茶の歴史や育て方への解釈は本によって様々なんですが、不思議と新茶に対しての見識は一致しているのであります。
2つ目の説では
- 飲みやすいお茶を選んでいたら、自然と新茶だけを買うようになった
- 新茶以外の茶(やぶきた)は、普段たくさん飲むには適さない理由がある
かもしれないという話ですが、これはその逆で
- (高級品だと思っている)新茶がこれだけ値段の張るお茶なのにそこまで驚くような味ではないから、お茶は自分に合わない、茶の味は分からない
- だから、ペットボトルや缶の安いやつでいいやとなった
と、つまり、変に高い(というとお茶屋さんに怒られると思いますけど)上にうまみに欠けて口に合わないせいで「お茶はツウの飲むものであって…」「凡人には理解しかねる」みたいに解釈されてしまったかもというのが3つ目の説です。
100g1500円とかは決して安くはないですからね。
例えるならば、大晦日とかはスーパーの寿司が異様に高額になったりしますが、そこだけを見て「寿司ってこんなにするんだ…」と言っているようなものでしょうか。
まあ。寿司は普段から目にするので大丈夫かもしれませんが、普段あまり飲まない茶だからこそ、イメージ・値段のインパクトで判断されてしまうのかもしれません。
紅茶も「1缶1500円くらいはするよ」と話すとほぼ100%「高いね」と言われますし。
でも「カップ換算したら一杯50円しないくらいだよー」という話もすると「そう考えるとそんなに高くはないか」と言ってはくれます。
そういうふうな話をするとまた日本茶に対する見方も変わるかもしれません。
ちなみに考察なので全く違う可能性もありますが、上記3つの説は私が紅茶を買う際に感じたことの延長でありまして、一番支持したいのは2つ目の説ですね。
お〜いお茶なんかが結構売れているところを見ると、あのくらいの薄さが好かれるんですかね。
まとめ
今回は多分に考察が入った話になのでまとめるほどではないんですが
- 新茶は最高級品ではなく、あくまで旬の、特定の時期にしか味わえない茶
というのが新たな発見でしょうか。
値は張りますが、高級品というイメージを持って飲まないほうがよさげですかね。
ちなみに個人的には、新茶に限らず緑茶は健康にいいよ!とアピールすると「栄養、機能をしっかり備えつつ安い、一部の商品」しか売れなくなる気がしています。
野菜とかもそうじゃないですか。
やっぱり「違いがよく分からない…」となると「袋に生産者であろう人懐っこそうなおばあちゃんが写っているお茶」とかを買っちゃいますよねぇ。
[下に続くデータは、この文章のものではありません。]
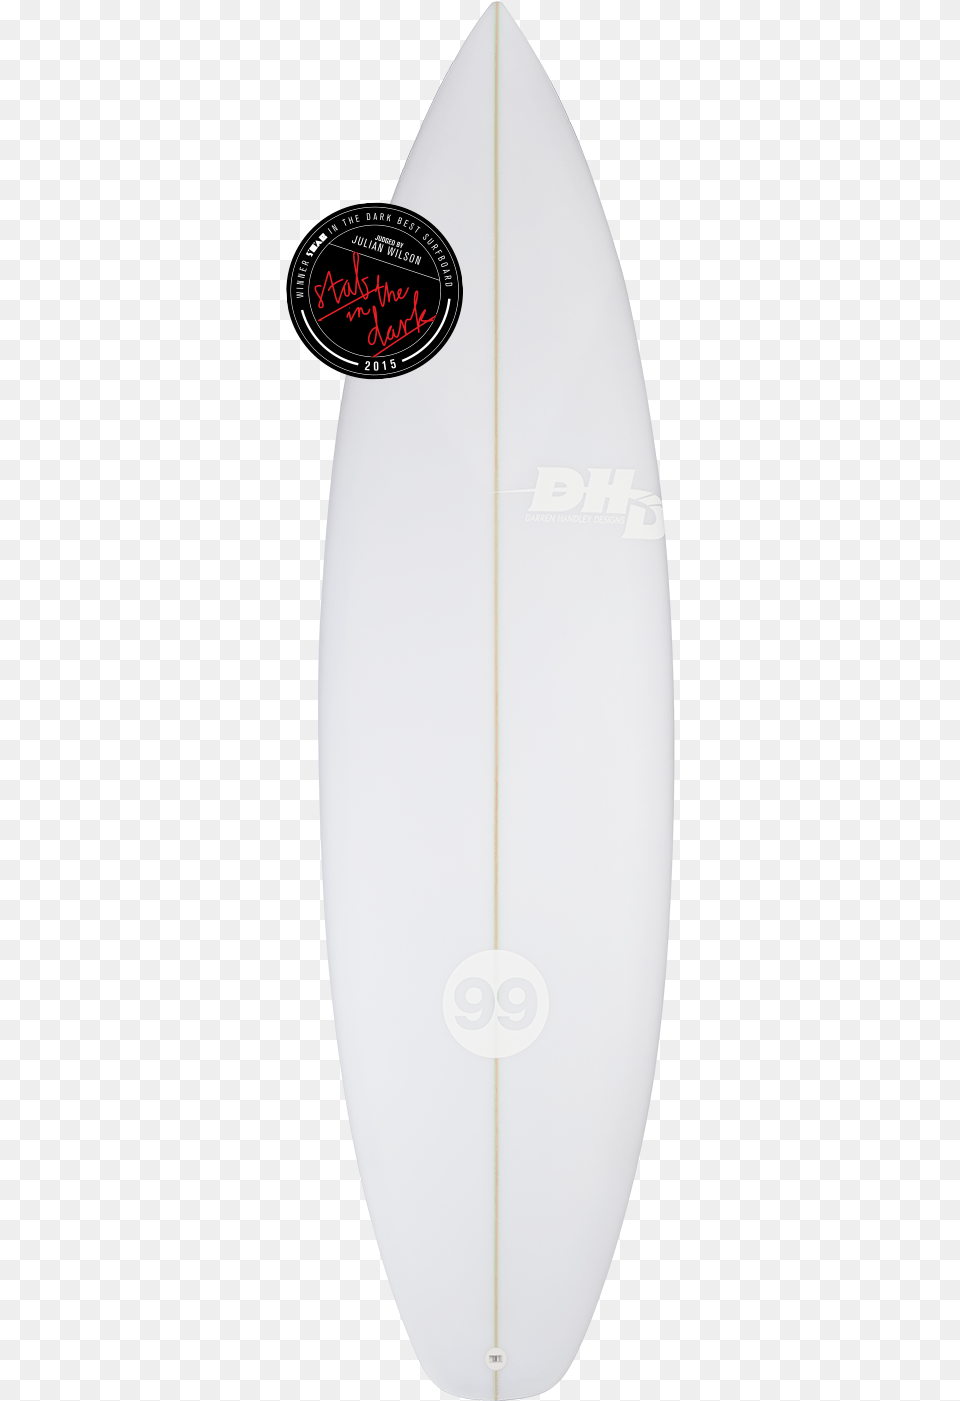 Stab In The Dark Skateboard Deck, Sea, Water, Surfing, Leisure Activities Png Image

売りたいならば、よりおいしいお茶に触れてもらう機会なんかがあればいいのかなーとも思います。
ということで、新茶が好きな人はそのまま飲んでもらってもいいと思いますが、新茶で「アレ?」と思ったことがある人は、遅めに摘んだ茶とかやぶきた以外の茶を選んでもらうといいモノに巡り逢うかもしれませんな。